We spent the next few minutes relating what we had seen. I told what I saw and even mentioned Daniel’s appearance on the other side. “He looked older and he said it wasn’t heaven. It didn’t look at all like the heaven I saw in the House.”
“I doubt it was heaven,” the professor said.
“Oh, don’t start, Professor,” Brenda said. “We all know you don’t believe in anything but your gigantic intellect.”
That seemed to wound him. He looked more vulnerable than usual. “Let me explain. We think Daniel sees angelic beings. Now it appears that Tank does, too. According to Tank, one admitted to being Daniel’s friend. And, of course, I had an encounter with something at the House. Maybe it was illusionary, I don’t know. Anyway, I don’t think Littlefoot is an angel. Not in the sense that we use the term today. Technically, the word angel means messenger, so anyone carrying a message is an angel. In that way, Littlefoot is an angel, but not an angelic being. Am I making sense?”
“I’m with you, Professor,” I said. “For a change.”
“This is hard to explain in a few words.” The professor inhaled as if he hadn’t taken a breath for an hour or so. “The world of science has turned things upside down of late. Quantum theory describes quantum entanglement, indicating that things in the subatomic world are somehow connected, at least in certain conditions. That deals with the very small things. On the cosmic level, many physicists believe that we live in a multiverse instead of a universe.”
“Meaning what?” Uncle Bart asked.
“The idea is that all we see is our universe, but ours is just one of many others. They’re similar but not identical to ours, and a new one is created each time we make a decision. And with so many decisions being made, these other universes can vary wildly. I know, I know. It’s difficult to fathom, but there are many excellent scientists who have hung their hats on the idea.
“Each universe is independent of the others, but there might be ways to cross over. Then there’s the whole multidimensional thing that is totally different. Lots of folks believe there are eleven or twelve dimensions. But that’s different because dimension deals mostly with spatial things. Most Christian thinkers, especially among conservative Protestants, believe that angels are beings from another dimension and can move between dimensions as is shown in the Bible. The truth is, there’s a lot we don’t know.”

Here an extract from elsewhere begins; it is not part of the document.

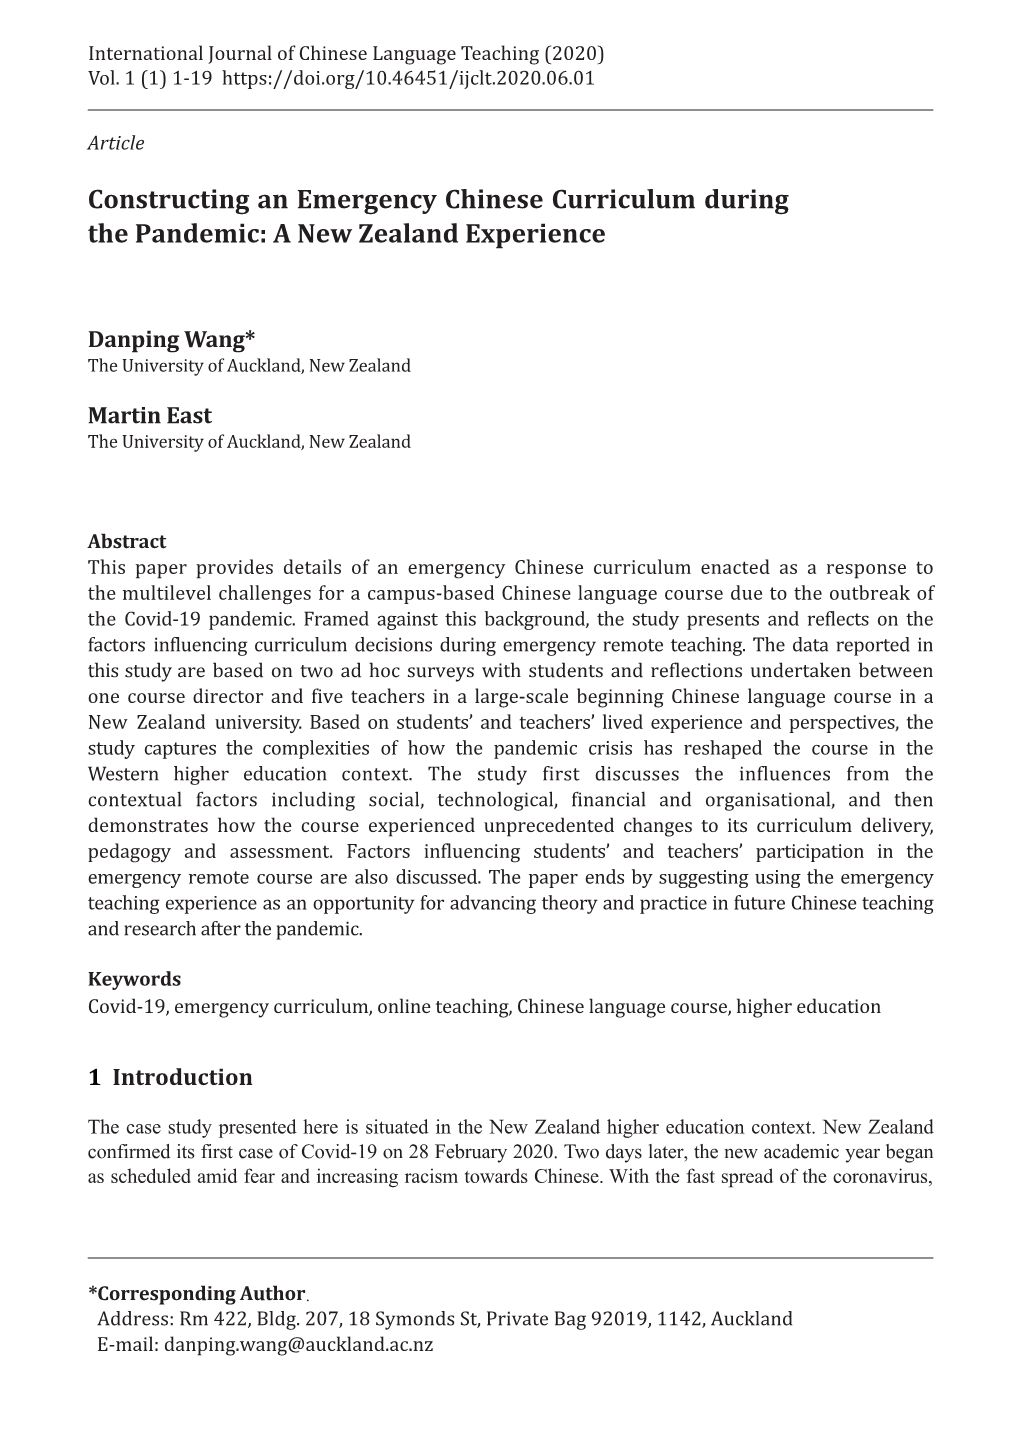 Constructing an Emergency Chinese Curriculum During the Pandemic: a New Zealand Experience

I looked at him. “My head is beginning to hurt.”
He moved closer to the bed. “Don’t worry, Tank. I don’t expect you to understand. My guess, and that’s all it is at this point, is that Littlefoot is from another universe close to ours and somehow related to it. Time flows differently for her. That’s why she grows younger when she comes to us and why Daniel appeared older wherever you were. I assume you were in Littlefoot’s land.”
“You’re breaking my brain,” Brenda said.
I expected a cutting reply, but the professor let it pass. “I want to show you something.” He extracted his smartphone and took a photo of me, then showed me the picture. I saw a few bruises, but the most shocking thing was the hair on my face. I rubbed my chin with my good hand.
“How long does it take for your beard to grow that long?” The professor kept his eyes on me as I handed his phone back.
“A week and a half, maybe.”
“I missed the action, but they tell me the fight only lasted a few seconds.”
“It felt a lot longer than that.”
“When Littlefoot is here, she grows younger. When you were there, you grew older.”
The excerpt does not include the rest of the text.